En attendant qu’il y ait du nouveau, l’entretien préventif doit se faire selon un calendrier et à partir d’une fiche technique détaillée, point par point, qui discerne ce qui doit être inspecté chaque jour, chaque mois, aux trois et aux six mois et chaque année. Bien entendu, les instructions du manufacturier doivent être suivies. Il y a plusieurs éléments et tous sont importants : nettoyage, drainage, lubrification, ajustements, observation de la structure, vérification des systèmes de contrôle, remplacement des joints d’étanchéité. Sans calendrier ni fiche détaillée pour guider l’inspection, l’entretien préventif risque de rester trop superficiel. Il est recommandé qu’un mécanicien de l’établissement reçoive la formation d’une firme spécialisée en entretien et en réparation de ponts élévateurs et soit ensuite responsable de l’entretien préventif.

Pour toute documentation pertinente sur l’utilisation et l’entretien, rendez-vous à : http://autoprevention.org/pontselevateurs/ 

MONOXYDE DE CARBONE

Gare au gaz!

En plus de faire entrer et sortir de l’atelier des véhicules en marche, il est coutumier de faire rouler un moteur pendant ou après la réparation, dans le but de vérifier si tout se déroule normalement. Sauf que les gaz d’échappement d’un véhicule, mélange d’hydrocarbures, de suie, d’oxyde d’azote et de monoxyde de carbone, sont nettement moins bons pour la santé qu’une pomme. Le plus insidieux d’entre eux, le monoxyde de carbone, est invisible et sans couleur, sans goût et non irritant. Mais très toxique. Présent dans tous les gaz d’échappement, il s’accroche aux globules rouges et freine le transport d’oxygène vers les tissus. L’intoxication s’annonce par des maux de tête, des nausées, des bourdonnements d’oreilles, des vomissements. Peuvent s’ensuivre évanouissement, coma et mort. Il faut donc tout faire pour ne pas en respirer.
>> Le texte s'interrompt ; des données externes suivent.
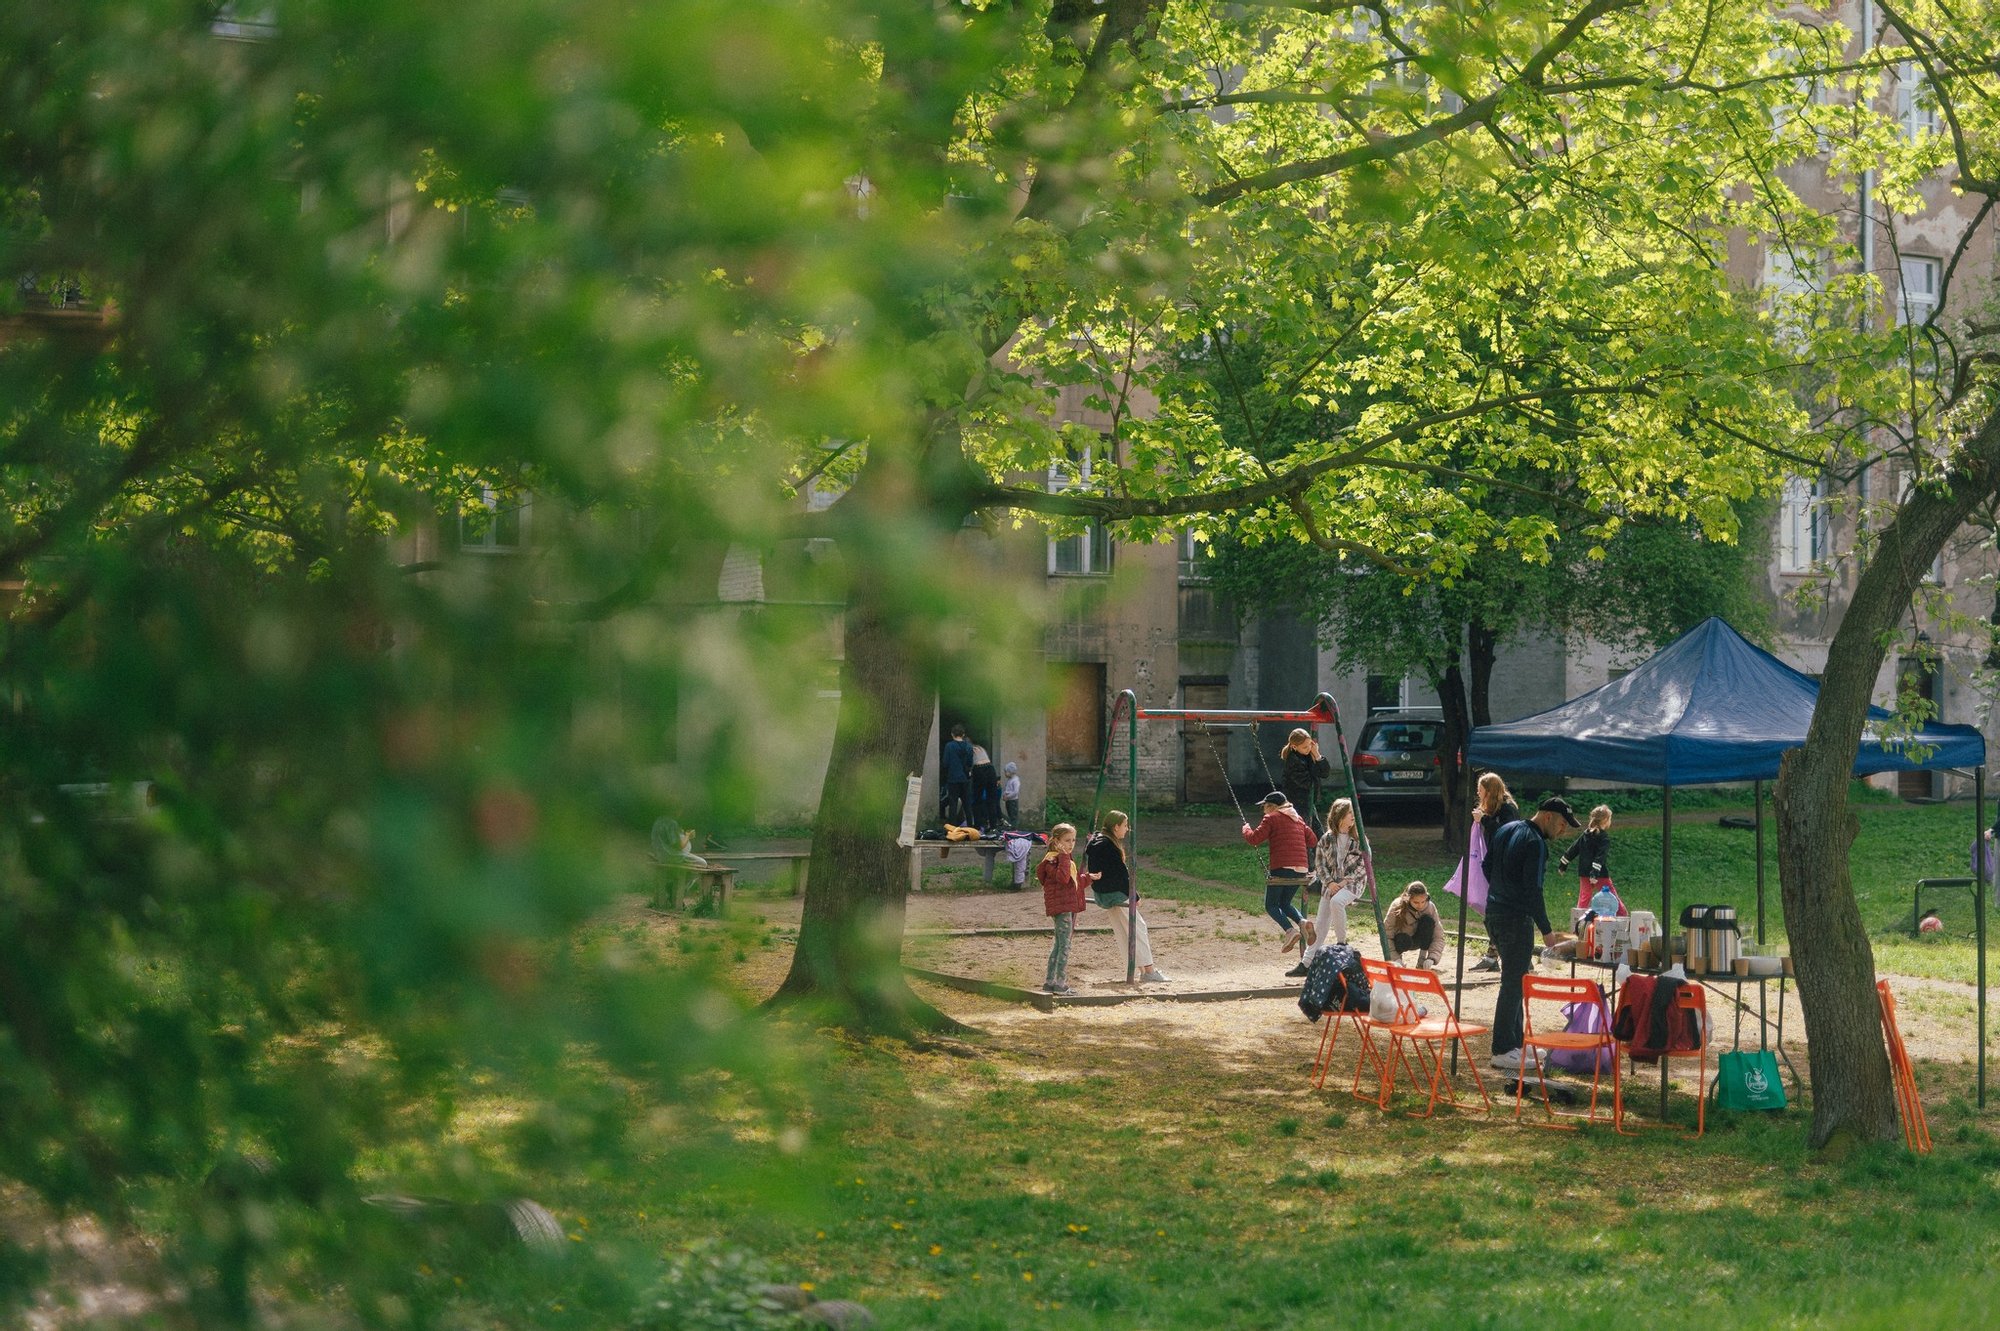 Kolorowa, pozioma fotografia przedstawiająca grupę dzieci i dorosłych spędzających czas na podwórku otoczonym kamienicami. 
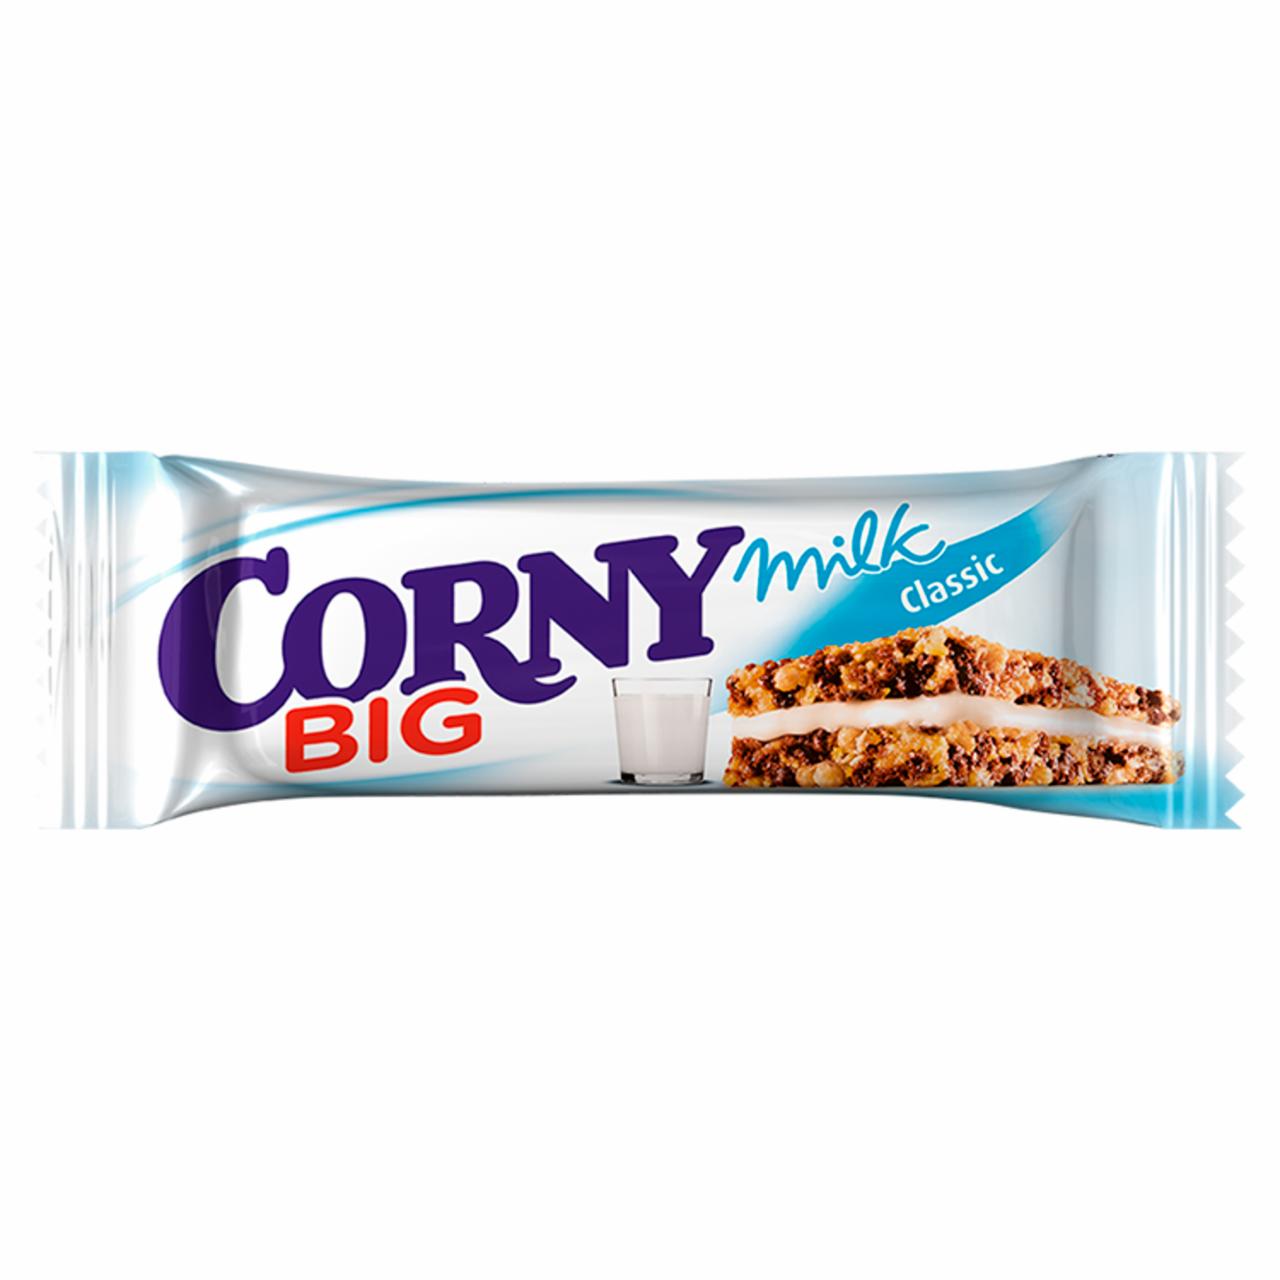 Képek - Corny Big Milk Classic gabonaszendvics tejkrém töltelékkel 40 g

Comment? En installant un système de ventilation locale mécanique qui recueille les gaz d’échappement le plus près possible de leur point d’émission et à tous les postes de travail. On lui additionne une ventilation générale qui élimine les gaz non captés à la source et une entrée d’air neuf pour compenser l’air évacué. Des détecteurs de monoxyde de carbone sont nécessaires à chaque poste de travail pour connaître à tout moment la qualité de l’air et réajuster le débit de ventilation, au besoin. Ces différents systèmes de captation et de ventilation doivent être conçus par un expert et réalisés selon les règles de l’art.

Comme toute installation mécanique et électrique, les systèmes de ventilation et les détecteurs de monoxyde de carbone doivent être inspectés et vérifiés périodiquement, toute défaillance pouvant entraîner de graves conséquences sur la santé humaine.

Il importe de mentionner que de nombreux ateliers utilisent encore le tuyau de caoutchouc flexible, branché d’un côté dans le système d’échappement de la voiture, de l’autre dans un trou à même la porte de garage. « C’est à proscrire, parce que des vents contraires peuvent entraîner un retour d’air qui fait revenir le monoxyde de carbone dans l’atelier, rappelle Martine Charette. Il faut un véritable système de captation mécanique qui aspire les gaz toxiques. C’est LA solution. »

TROUBLES MUSCULO-SQUELETTIQUES (TMS)

Le corps n'est pas une machine

Il y a une limite à ce qu’on peut demander au corps humain. Quand il tire, pousse, lève ou déplace des charges de façon répétitive, quand il travaille dans des postures contraignantes, certaines structures peuvent subir des lésions assez importantes. « Dans les ateliers de mécanique, elles s’expliquent en gros par des efforts prolongés importants, des mouvements répétitifs et des outils qui génèrent des vibrations », résume Denis Marchand, professeur régulier au département des sciences de l’activité physique à l’UQAM. La surutilisation, qui survient quand on abuse, de façon répétée, d’une structure, qu’on lui impose une charge de travail qu’elle ne peut tolérer sans conséquence, contrecarre la capacité de récupération de l’organisme. Si la surutilisation est très importante, il peut y avoir blessure instantanée, par exemple en soulevant une pièce beaucoup trop lourde : ligament déchiré ou entorse. Mais la plupart du temps, le mal évolue au cours du temps et se développe progressivement en raison d’une récupération insuffisante. L’évolution peut prendre des jours, des mois ou des années. Même un geste aussi anodin que celui de presser à répétition le levier d’un petit vaporisateur à eau peut engendrer de sérieux problèmes aux articulations du poignet. La répétition d’un même geste est une ennemie redoutable.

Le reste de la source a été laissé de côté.